I think the migrations I added broke response_fts entirely, maybe by rewriting the rowid values when I ran .transform() to move some table columns around such that I need a new migration to re-index the table entirely.

simonw commented 14 hours ago

Pushed my WIP to a branch: https://github.com/simonw/llm/commit/b2fce50aadae4a48f7eac64ab4417a806040a9e8

simonw commented 14 hours ago

I'm second-guessing the design for this feature again now.

As implemented this kicks in by magic if the prompt is longer than a certain threshold:

https://github.com/simonw/llm/blob/b2fce50aadae4a48f7eac64ab4417a806040a9e8/llm/models.py#L230-L236

This assumes that prompts and system prompts will be entirely duplicated occasionally.

But maybe that's not the smartest way to do this.

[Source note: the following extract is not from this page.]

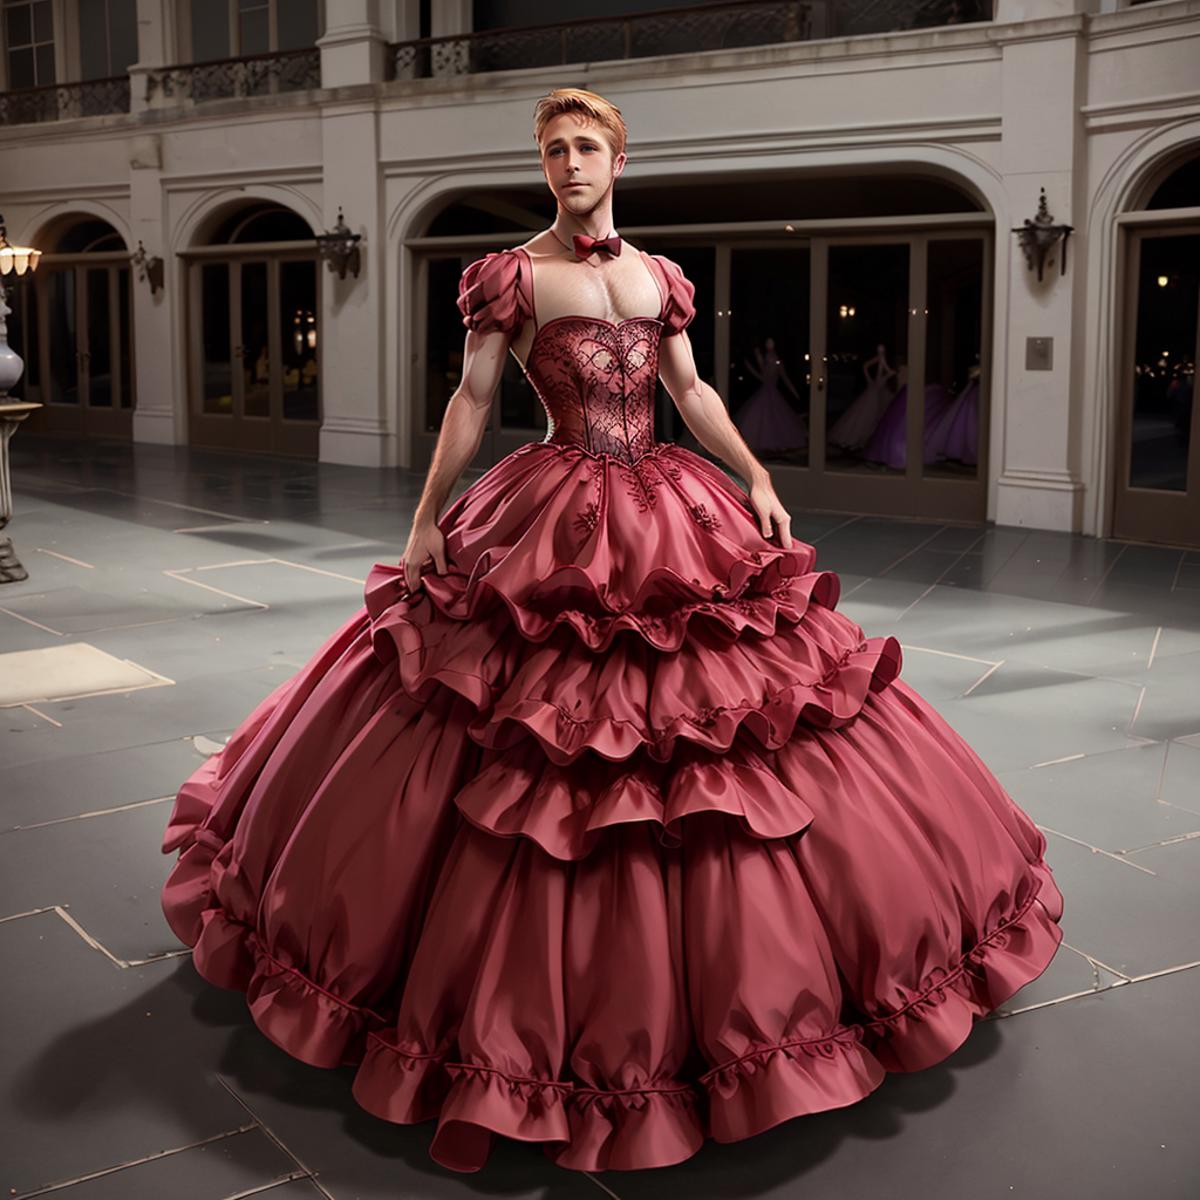 Ball gowns image by Jabberwocky207
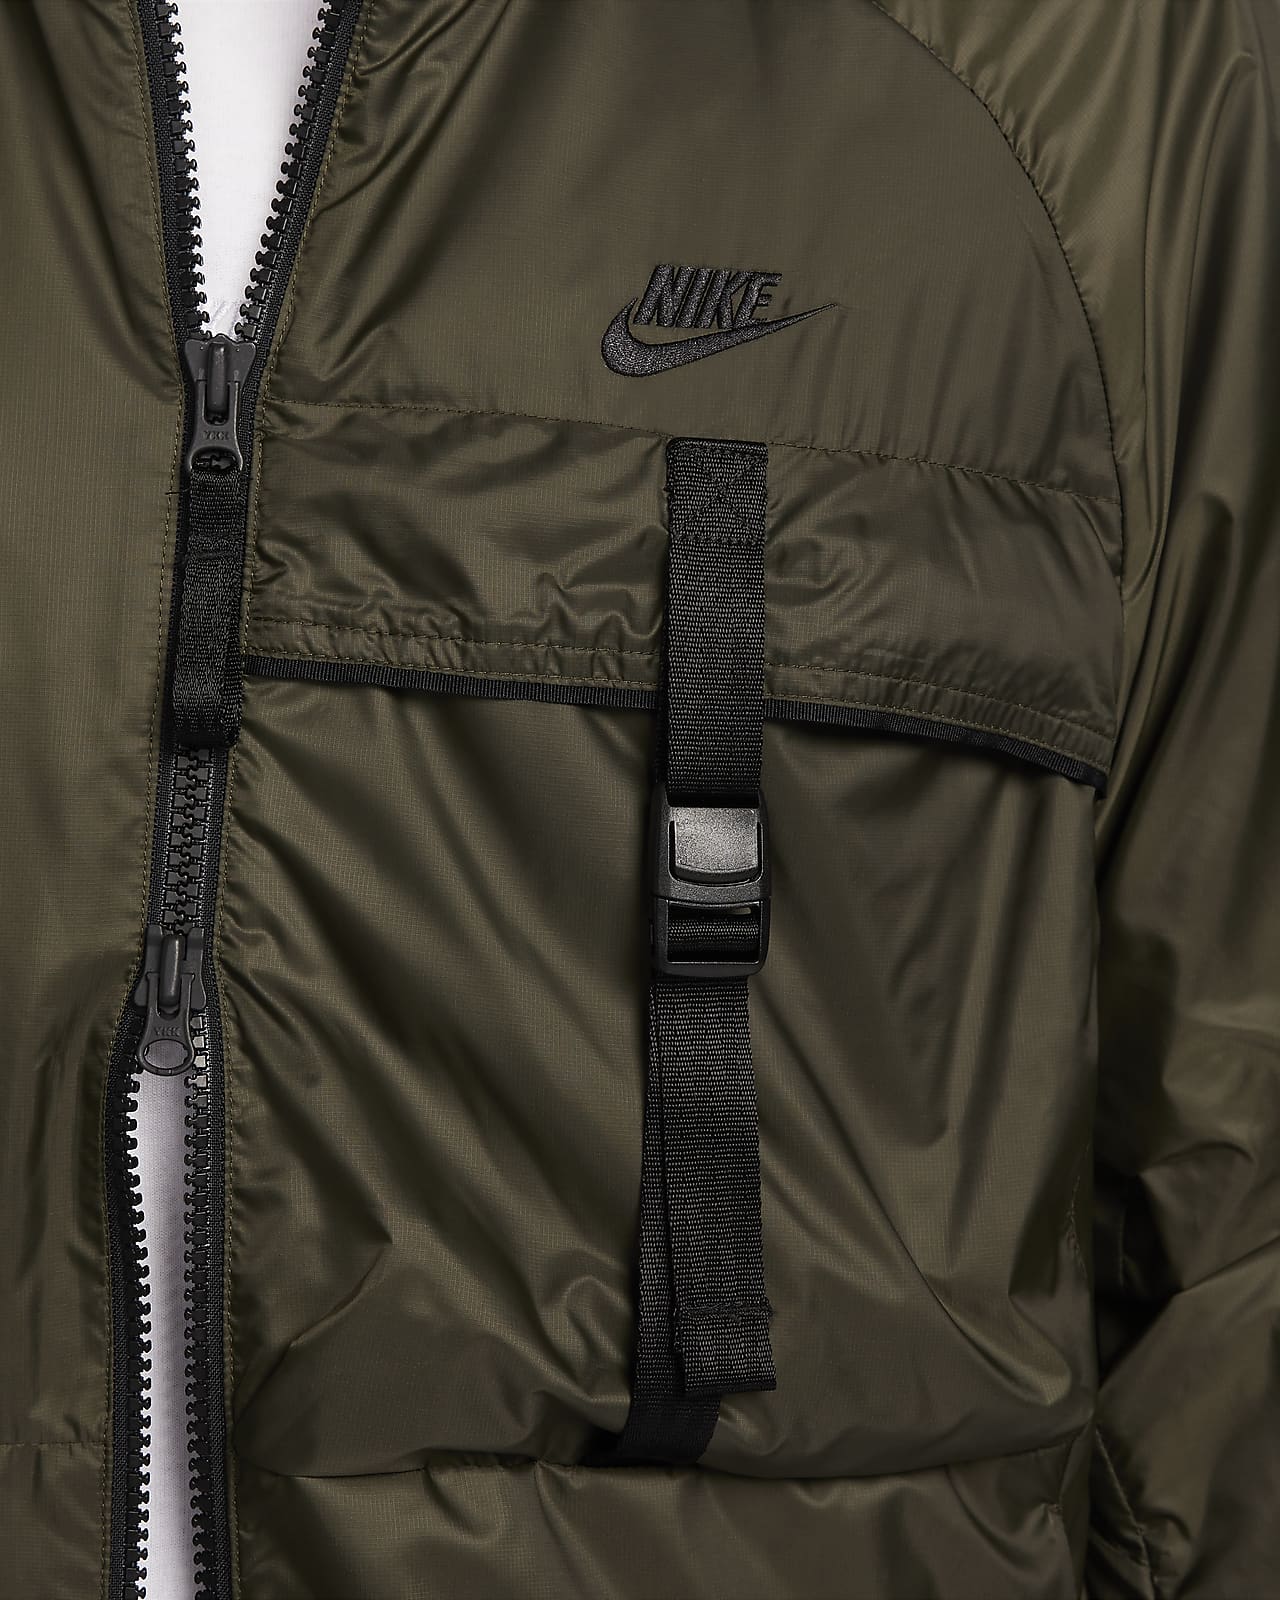 New Nike N24 PACKABLE lined Jacket ($190) and cargo pants ($150

What if instead these reusable contexts could be specified by the user directly and could even be concatenated together?

Imagine being able to do something like this:

llm -f readme.md -f docs/usage.md 'How do I install this?'

Here we are concatenating two files together. Those files could be stored in two records in contexts, which would allow them to be combined in different ways in the future while still avoiding duplicating storage for them.